I really hate these challenges that require educated chefs to be degraded by forcing them to make desserts out of mashed potatoes or radishes. Johnny needs to ask himself if he would ever do some of these childish, outrageous challenges. I want to see the chefs make great desserts that inspire me, not do strange challenges in places and with ingredients they would NEVER be doing in real life. Continuing this trend demeans the chefs and disrespects the intelligence of the audience. PLEASE STOP IT AND SHOW US GOOD, INFORMATIVE programming.

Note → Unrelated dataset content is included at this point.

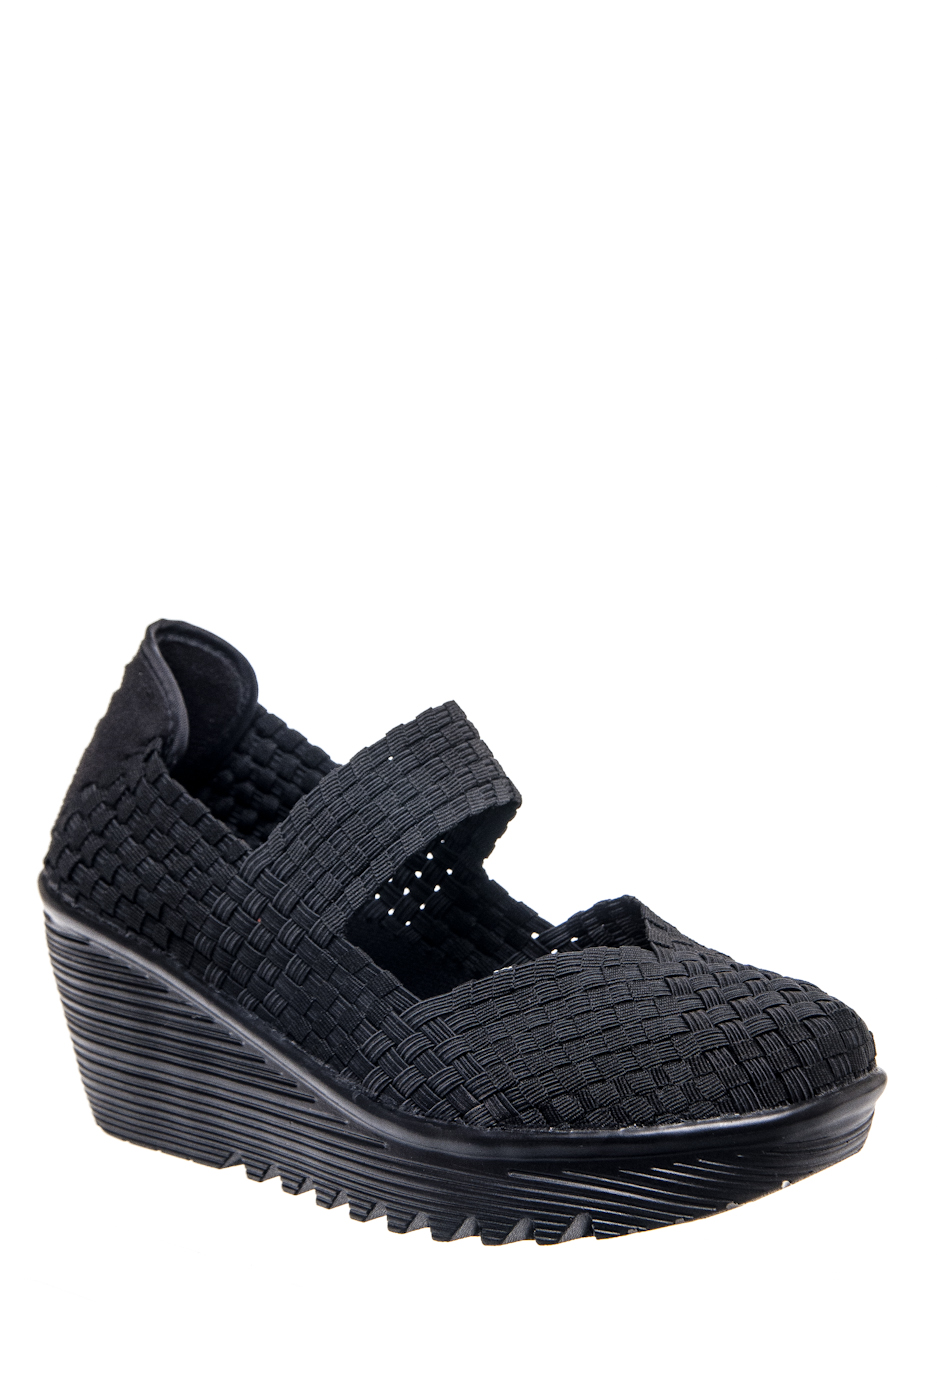 BERNIE MEV Lulia Mid Wedge Heels - Black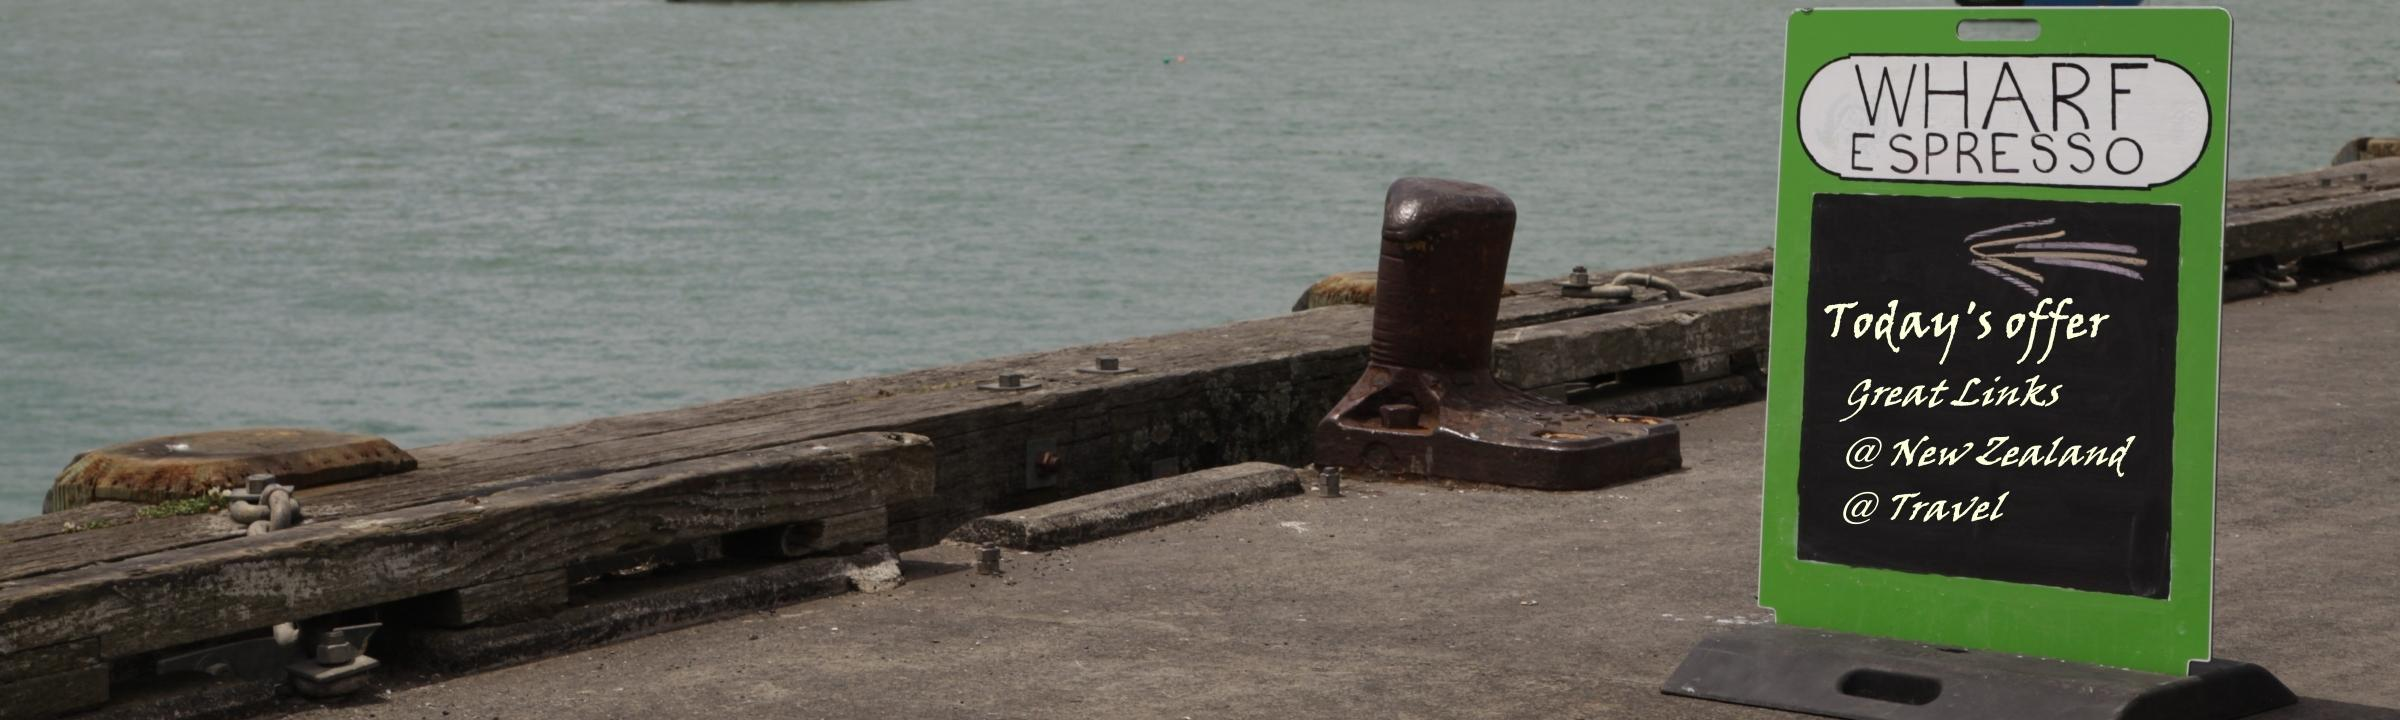 Ausblick von einer Pier auf den See

2nd, after all the work of the centerpieces of the chocolate challenge. They were barely mentioned, let alone giving the chefs who produced them credit for some incredible work. (By the way, the curved one with white flowers looked much more sophisticated and the craftmanship looked better where the pieces connected.) Anyway, it didn't make much sense to spend so much time showing the centerpieces being built and then not even a mention in the critique. It was either bad editing choices or poor judging, but it certainly didn't make sense. VERY disappointing week!

synapses
synapses

There's a way to show a chef's downfall in the dish they prepared that may be slightly humorous or cleanly objective. Colicchio knows how to do this. Johnny does not. His way (like holding Megan's donut to prove that it was stuck to the dish) comes off as mocking. Between Gail's fawning and Johnny's belittling, Johnny is, to me, the worst judge in the TC franchises as well.

Anita G
Anita G

I just finished watching. What I do not understand is the challenge was to make the showpiece and each chef had to make a dessert. Orlando, did not make his dessert. Carlos and the other one (i can not remember her name) made it for him. Why was he not even spoken to about this??

Tania
Tania

You had to make the "mama" comment? Really?

Ralph-o
Ralph-o

Why do chefs maek desseerts with no chocolate when the challenge is to make something with chocolate? The successful dessert chefs used chocolate in their chocolate desserts. The unsuccessful one couldn't cube a square cube squared.

TGM122060
TGM122060

I'm confused. Wasn't each contestant supposed to make their own chocolate dessert? How did Orlando get by, with his two teammates making his dessert? He's a schmuck, and DIDN'T complete the challenge!!!!!!!

PaulainVa
PaulainVa

Johnny is, perhaps, my least favorite Top Chef judge ever. In the more savory/standard cooking versions of this series I have come to expect a professional, incisive, thorough standard of judging. Even if I am shocked at the outcome, I have an understanding of what led up to it. In the Desserts show, I am usually left baffled. I don't understand anything about what was good/bad/indifferent about any of the dishes. This program leaves me with a major case of the "blahs". So sorry to say that; but, it is the truth. I am usually DYING to see the next Top Chef, and watch the blogs, critiques and videos more than once. This series leave me cold.